Boosting Reinforcement Learning in 3D Visuospatial Tasks Through Human-Informed Curriculum Design
Markus D. Solbach, John K. Tsotsos
TL;DR
The paper evaluates modern reinforcement learning approaches on a challenging 3D Same-Different visuospatial task, replicated from human psychophysics in a Unity environment. It finds that PPO and imitation-learning methods struggle to scale across large discrete action spaces and sparse rewards, while curriculum learning—especially when informed by human performance data—can drive robust learning up to 48 viewpoints. The resulting agents achieve high accuracy but adopt strategies that differ from human observers, favoring limited, information-rich viewpoints rather than distributed exploration. The study underscores the importance of structured learning and cognitive priors (e.g., attention and memory) for scaling RL to active-perception tasks with high dimensionality and sparse rewards, suggesting avenues for cognitively inspired RL architectures.
Abstract
Reinforcement Learning is a mature technology, often suggested as a potential route towards Artificial General Intelligence, with the ambitious goal of replicating the wide range of abilities found in natural and artificial intelligence, including the complexities of human cognition.
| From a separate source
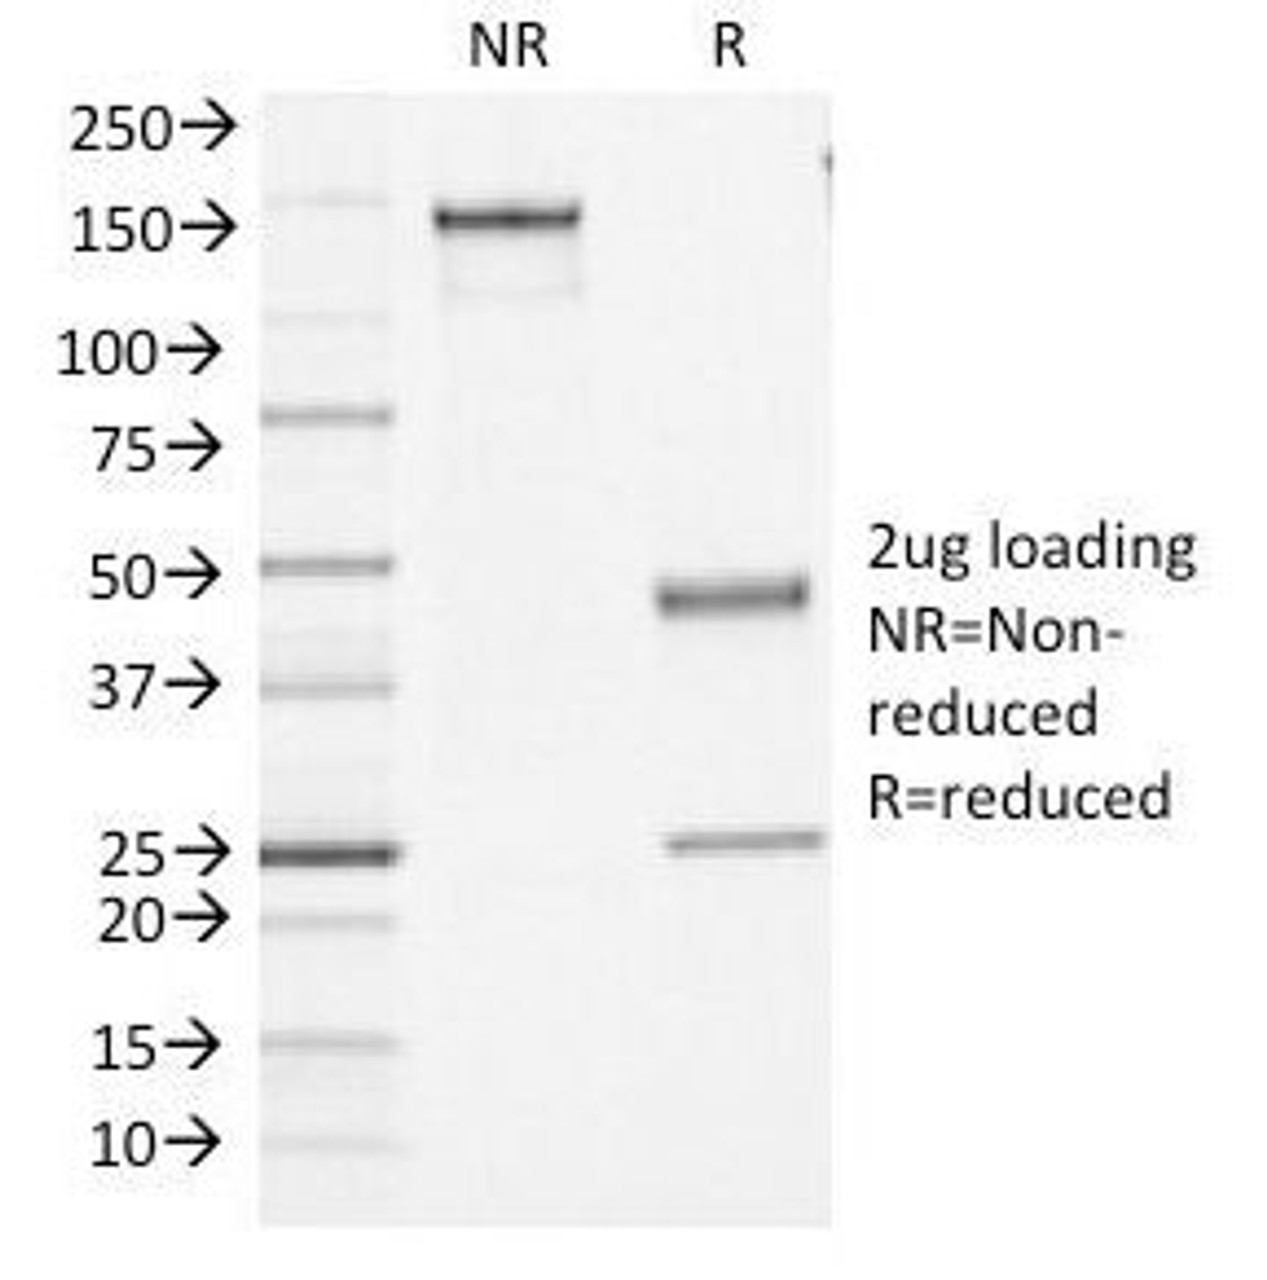 SDS-PAGE Analysis of Purified, BSA-Free CD45 Antibody (clone PTPRC/1461) . Confirmation of Integrity and Purity of the Antibody.

While RL had shown successes in relatively constrained environments, such as the classic Atari games and specific continuous control problems, recent years have seen efforts to expand its applicability. This work investigates the potential of RL in demonstrating intelligent behaviour and its progress in addressing more complex and less structured problem domains. We present an investigation into the capacity of modern RL frameworks in addressing a seemingly straightforward 3D Same-Different visuospatial task. While initial applications of state-of-the-art methods, including PPO, behavioural cloning and imitation learning, revealed challenges in directly learning optimal strategies, the successful implementation of curriculum learning offers a promising avenue. Effective learning was achieved by strategically designing the lesson plan based on the findings of a real-world human experiment.